I realize now that high volume traffic should not have been my blog’s true goal. I wanted quality traffic, even if that came in smaller numbers. I’ve since steered away from this type of content and although I would advise against selling yourself for traffic, I do not regret it as an experiment. That is how we learn, by experimenting. Feel free to treat your blogging experience as an experiment that you can gain insight from.


Q: When I launched Search Decoder blog, I initially struggled to develop any audience. Then I jumped on Triberr, which helped me build relationships with other bloggers, like yourself. What has been your experience with this platform?

I’m a tremendous fan of Triberr. If you are a blogger, sign-up for Triberr ASAP. It is an amazing platform for getting eyes on your content, the right eyes, and other bloggers who have influence. I have also developed some phenomenal relationships as a result of being a member.

In fact that’s how I met Matt. Matt and I had attended an SEO industry event after work and I recognized him. I had been reading and sharing his content on Triberr for some time. I asked Matt if he was SearchDecoder and when he responded “yes”, I told him how I knew of him. He recognized me as well. That’s powerful stuff man.



Very excited that I had met someone I respected from Triberr, I tweeted my experience to their Twitter account and the following week I was invited to a private event. It was a small get-together, where I was able to sit down with Dan Cristo and Dino Dogan, Triberr’s founders, as well as about a dozen people all of whom I knew through Triberr, people like Lori Ruff, Michael Brooks, and Jure Klepic. It was phenomenal.

Q: Do you have any tips how to maximize your efforts on Triberr? What worked for you?

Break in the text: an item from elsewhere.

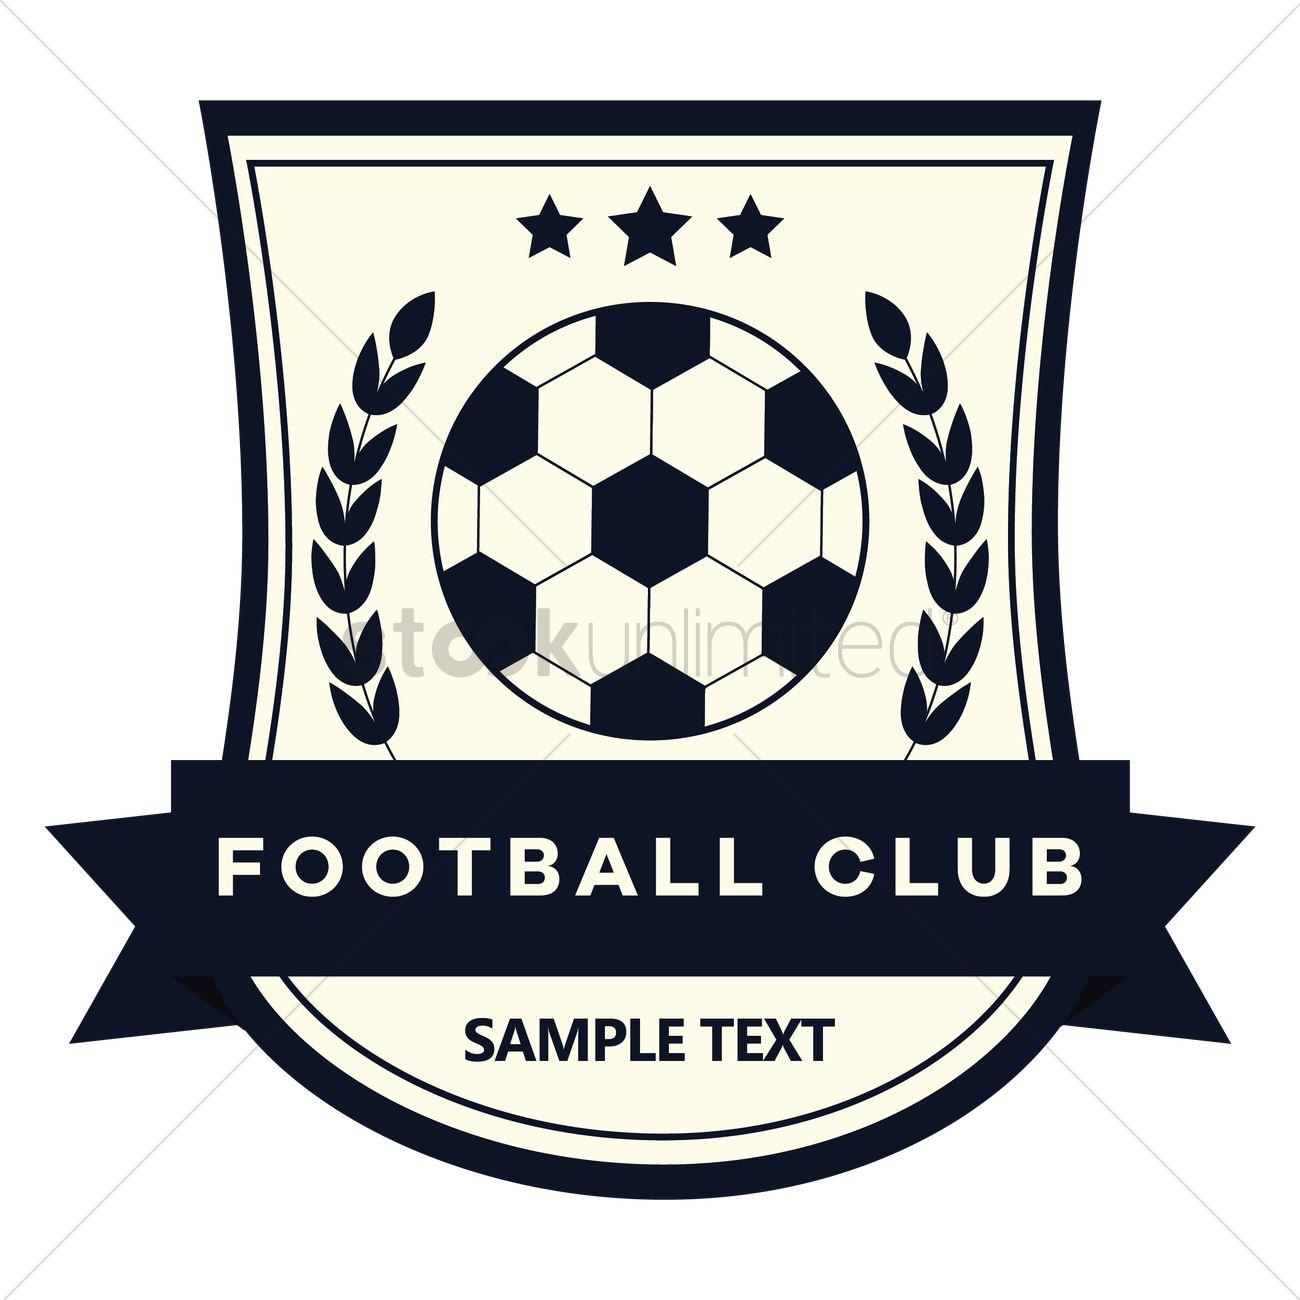 Black and White Football Logo - Football club logo Vector Image - 1527032 | StockUnlimited

  • It is important to get into the right tribes with the right people. You want to get the right eyes on your content. You also want to be able to build relationship with its members. Triberr is platform for authors, for people, not blogs. For life and for business, human relationships should always be your number one priority. I learned that from a Triberr member, Ted Rubin, and it has really made an impact on me.
  • Also, you shouldn’t feel obligated to Tweet out every blog post on Triberr. That would drive you crazy! Only share what you feel like deserves to be shared and that is right for your audience. People will not be offended. They will be using the same methodology.
  • Triberr is also an excellent way to read interesting posts that you normally wouldn’t come across. I often take the time to comment and read other people’s writing, even if I am not sharing it on my social media channels. Again, it’s about relationships above all else.

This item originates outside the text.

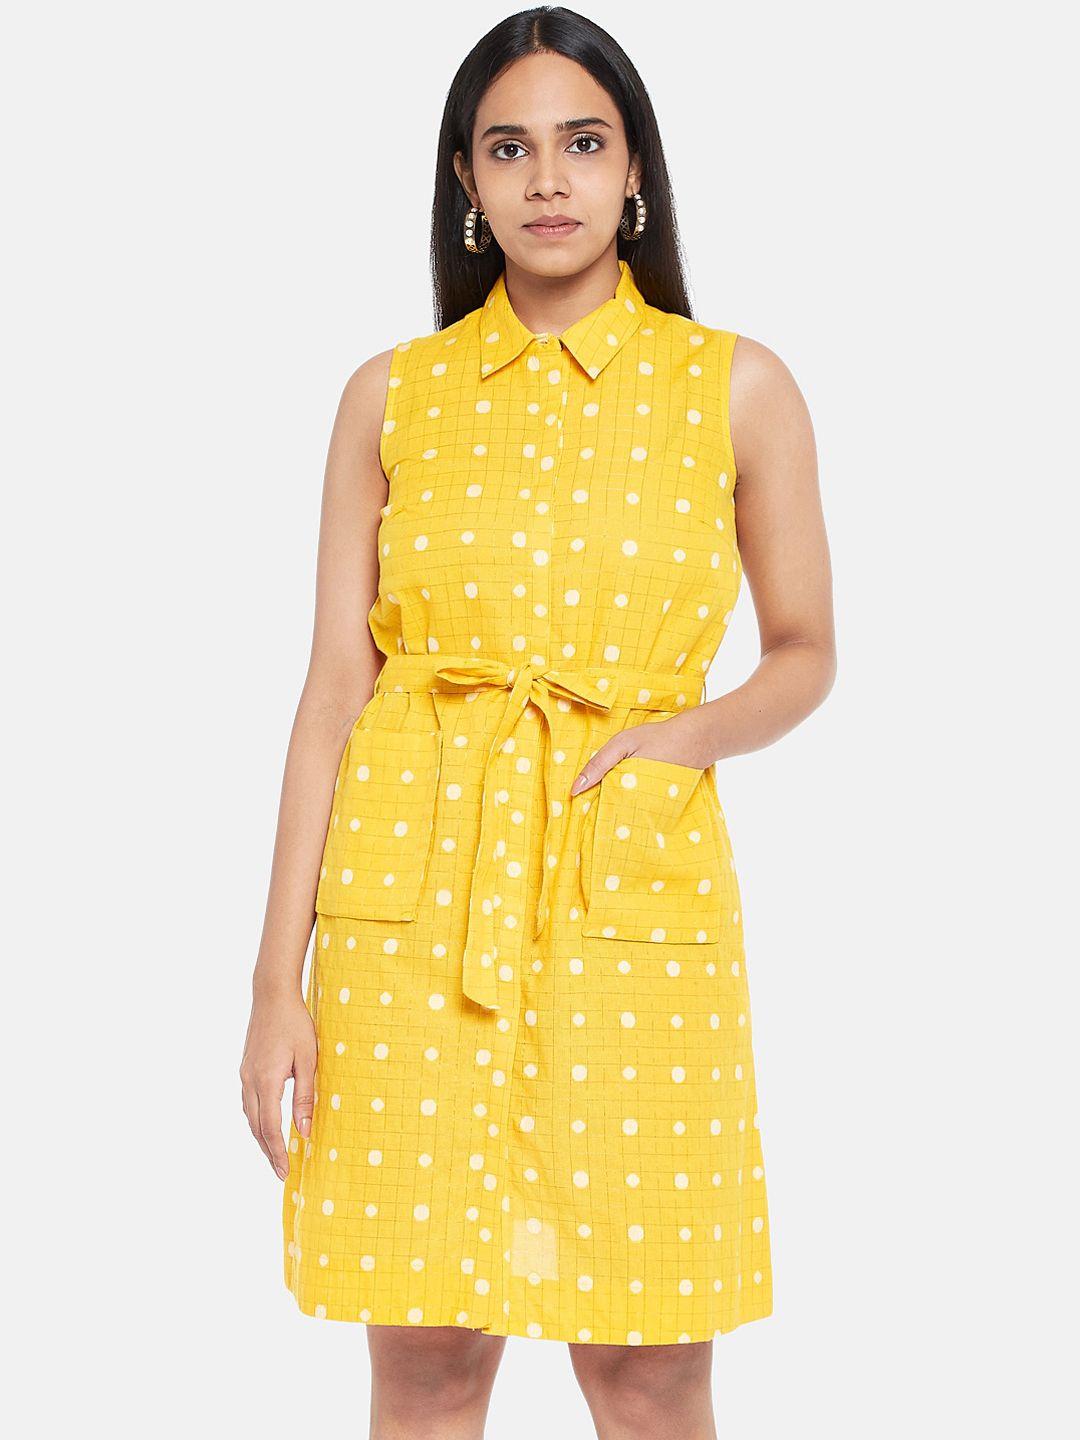 akkriti-by-pantaloons-yellow-polka-dots-shirt-dress

Power Tip: Rock that “Manually Share” feature. Make your shares personal.


Q: I heard you are a big zombie movie guru. Do you think the new season of the Walking Dead will by better than the last?

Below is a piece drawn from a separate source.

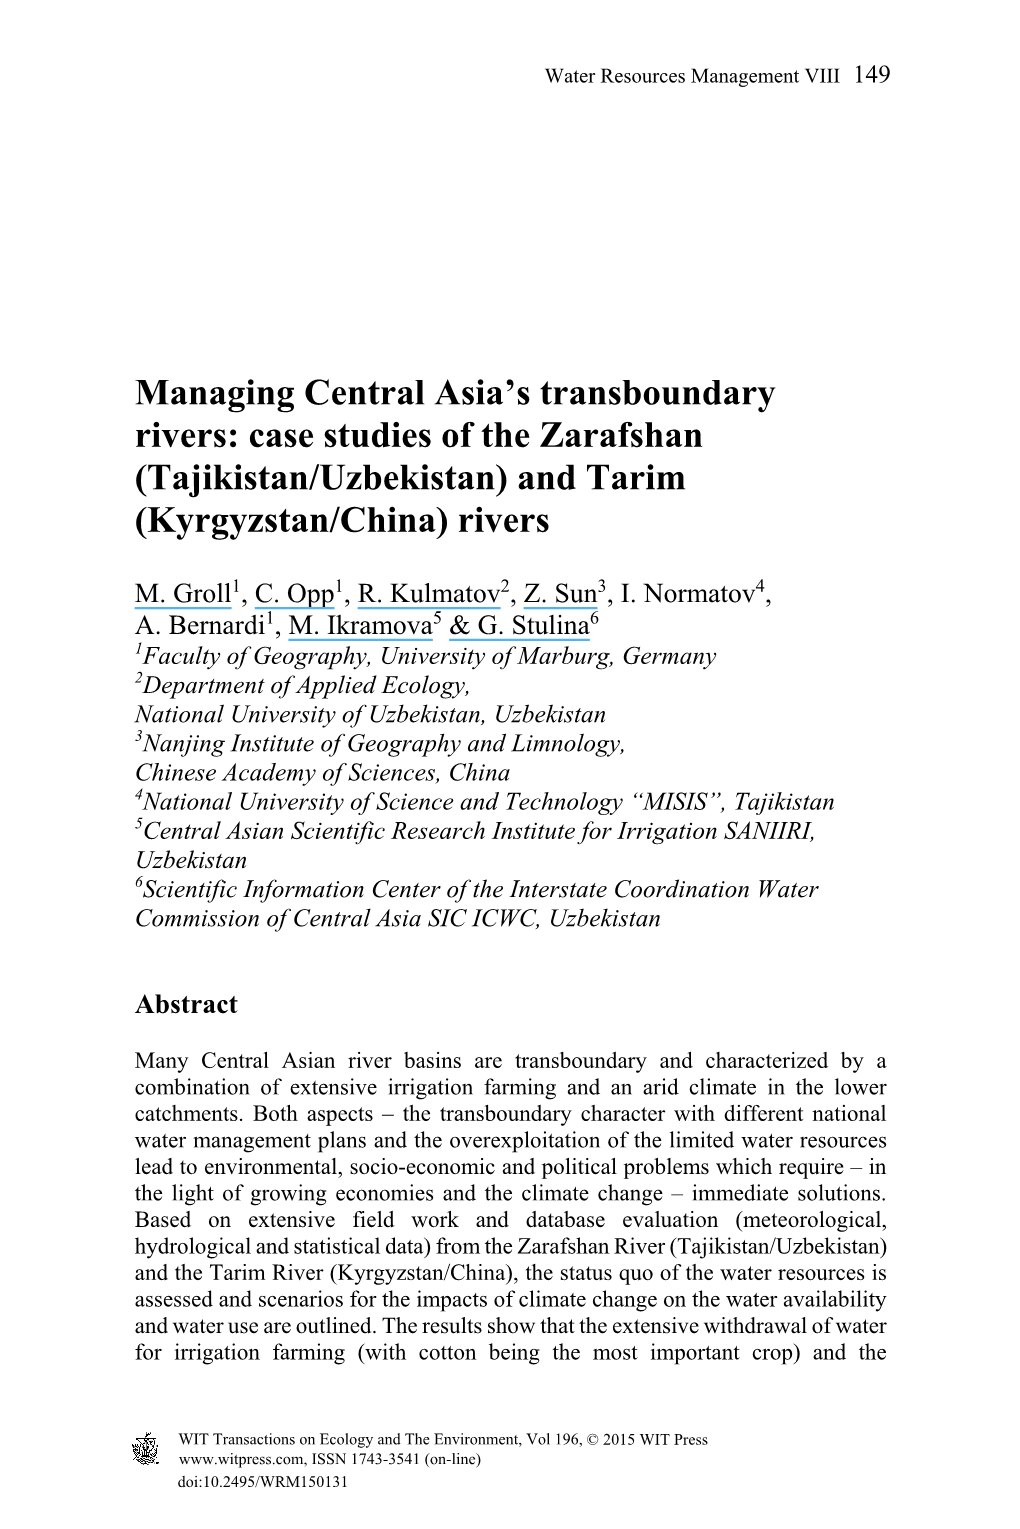 Managing Central Asia's Transboundary Rivers: Case Studies of the Zarafshan (Tajikistan/Uzbekistan) and Tarim (Kyrgyzstan/Chin

Ha. I’m a huge horror movie buff, including zombie films. As for the Walking Dead, as well as the genre, I think it should be more about the non-zombie characters than anything else. When George Romero made Night of the Living Dead in 1968, it was meant as a social commentary and was very people-centric. That’s how the zombie genre should be in my opinion. I recall Glen Mazzara, the original producer and writer of the series, left the show because someone high up wasn’t satisfied enough with the level of action in the show, thinking that there was too much of an emphasis on character development. That mindset can be the show’s downfall, but I hope not.



2 replies
  1. Dan
    Dan says:

    I can relate to the controversy of creating great content and creating content that will attract people. It can be difficult to gain traffic if you are writing about a unique topic that many people may not be interested in, however if the goal of your blog is to cater to a specific audience, you should stick to it. Eventually you will have a genuine blog and it will pay off in the end. Patience is key, and it is always important to look at the over all picture.

  2. Paul Shapiro
    Paul Shapiro says:

    Dan, absolutely. Although, it is important to have a set of goals, goals change. I think that was my problem. Originally, I just wanted to get noticed, as I was job searching. Later on my goals shifted to a more “thought leadership” type itinerary.